Platinum acetylacetonate (Pt(acac)2, 97%) was purchased from Acros Organics and used as received. Iron pentacarbonyl (Fe(CO)5, 99%), hexadecane-1,2-diol (90%), oleyl amine (80–90%), oleic acid (70%), dioctyl ether (90%), 1-octadecene (90%), 3-mercaptopropionic (3-MPA, 97%), pyrrole (Py, reagent grade, 98%), polyvinyl alcohol (PVA, Mw: 9000–10,000), ammonium persulfate ((NH4)2S2O8, 98%), sodium dodecyl sulfate (SDS), potassium ferrocyanide, hydrochloric acid, and 3-(4,5-dimethylthiazol-2-yl)-2,5-diphenyltetrazolium bromide (MTT) were purchased from Sigma-Aldrich and used as received during experiments. Cellular staining reagents including trypan blue, propidium iodide (PI), and Hoechst 33342 were also purchased from Sigma-Aldrich. Dulbecco’s modified Eagle’s medium (DMEM), fetal bovine serum (FBS), penicillin, streptomycin, 1× trypsin, and phosphate-buffered saline (PBS) were purchased from HyClone (South Logan, UT, USA).
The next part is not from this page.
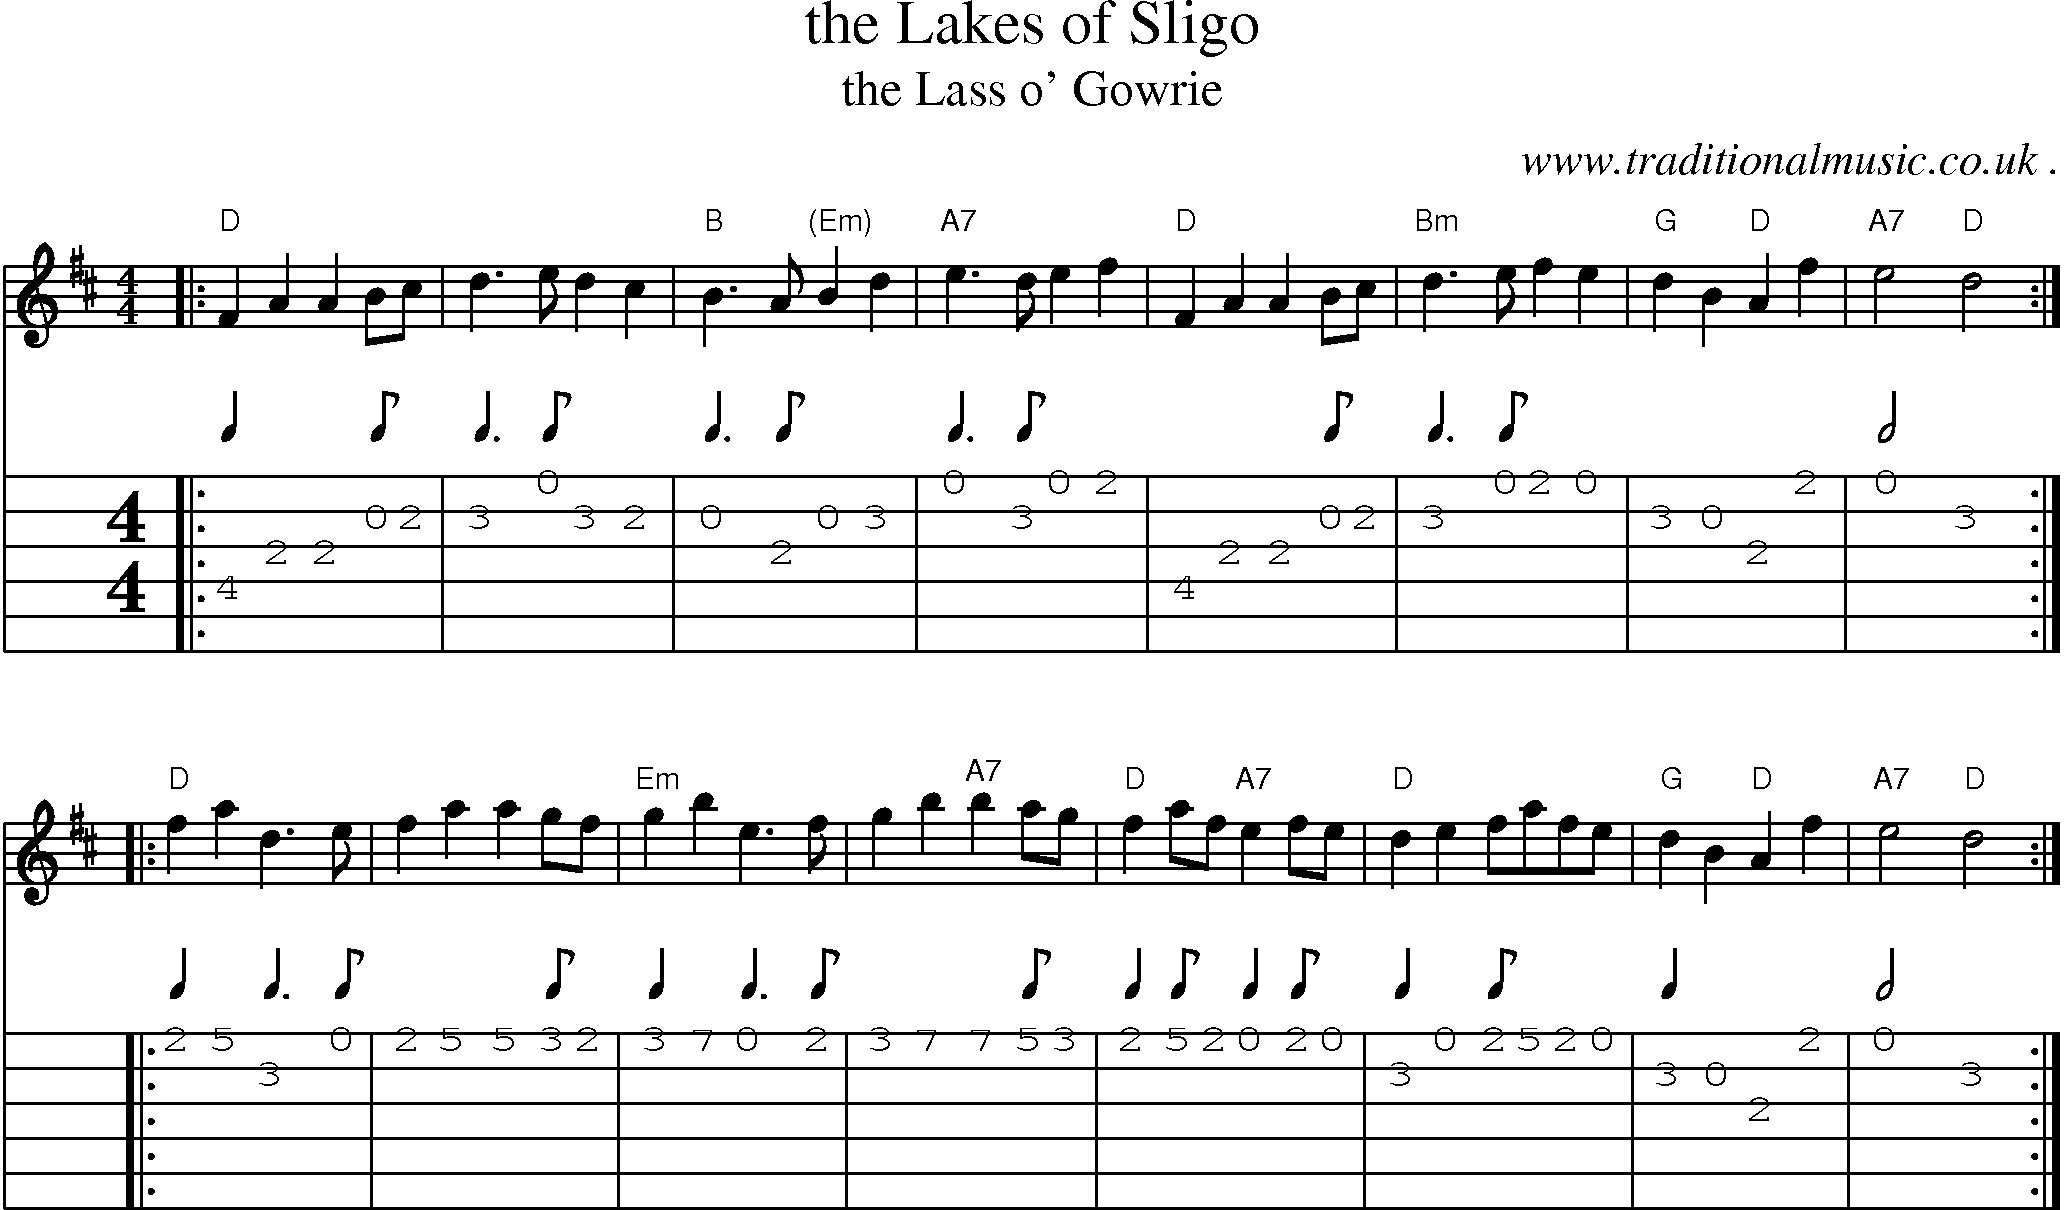 Sheet-music  score, Chords and Guitar Tabs for The Lakes Of Sligo

Distilled water (DI) was used for all experiments.
Synthesis of FePt@PPy NPs
The synthesis of FePt@PPy NPs was performed through three steps which were described in Scheme 1.
Step 1—Synthesis of Hydrophobic FePt NPs
The synthesis of hydrophobic FePt NPs was done according to the reported scheme . In short, 97-mg Pt(acac)2, 4-mL dioctyl ether, 66-μL Fe(CO)5, 195-mg 1,2-hexadecandiol, 100-μL oleyl amine, and 100-μL oleic acid were loaded into a 50-mL three-neck round-bottom flask. The reaction mixture was heated to 240 °C with a heating rate of 15 °C/min under Argon gas. After 30 min, the product was cooled to room temperature. The FePt NPs were collected by centrifugation (15,000 rpm, 30 min) and washed several times with hexane. The final nanoparticle solution was stored in hexane.
Step 2—Ligand Exchange
The ligands on the surface of hydrophobic FePt NPs were exchanged with 3-Mercaptopropionic acid (3-MPA) as reported in articles . Moreover, 1 mL of 3-MPA and 1 mL of cyclohexanone were loaded in a centrifuge tube, and then, 0.5 mL of hydrophobic FePt NPs dispersed in hexane (~ 10 mg) was added to the above solution and shaken by using a vortex. After 30 min, the FePt NPs started precipitating, and all nanoparticles precipitated after 1 h. The hydrophilic FePt NPs were collected by centrifugation (3500 rpm, 5 min). The product was washed with cyclohexanone, ethanol, and acetone, respectively. Finally, the hydrophilic FePt NPs diluted in DI with the addition of NaOH.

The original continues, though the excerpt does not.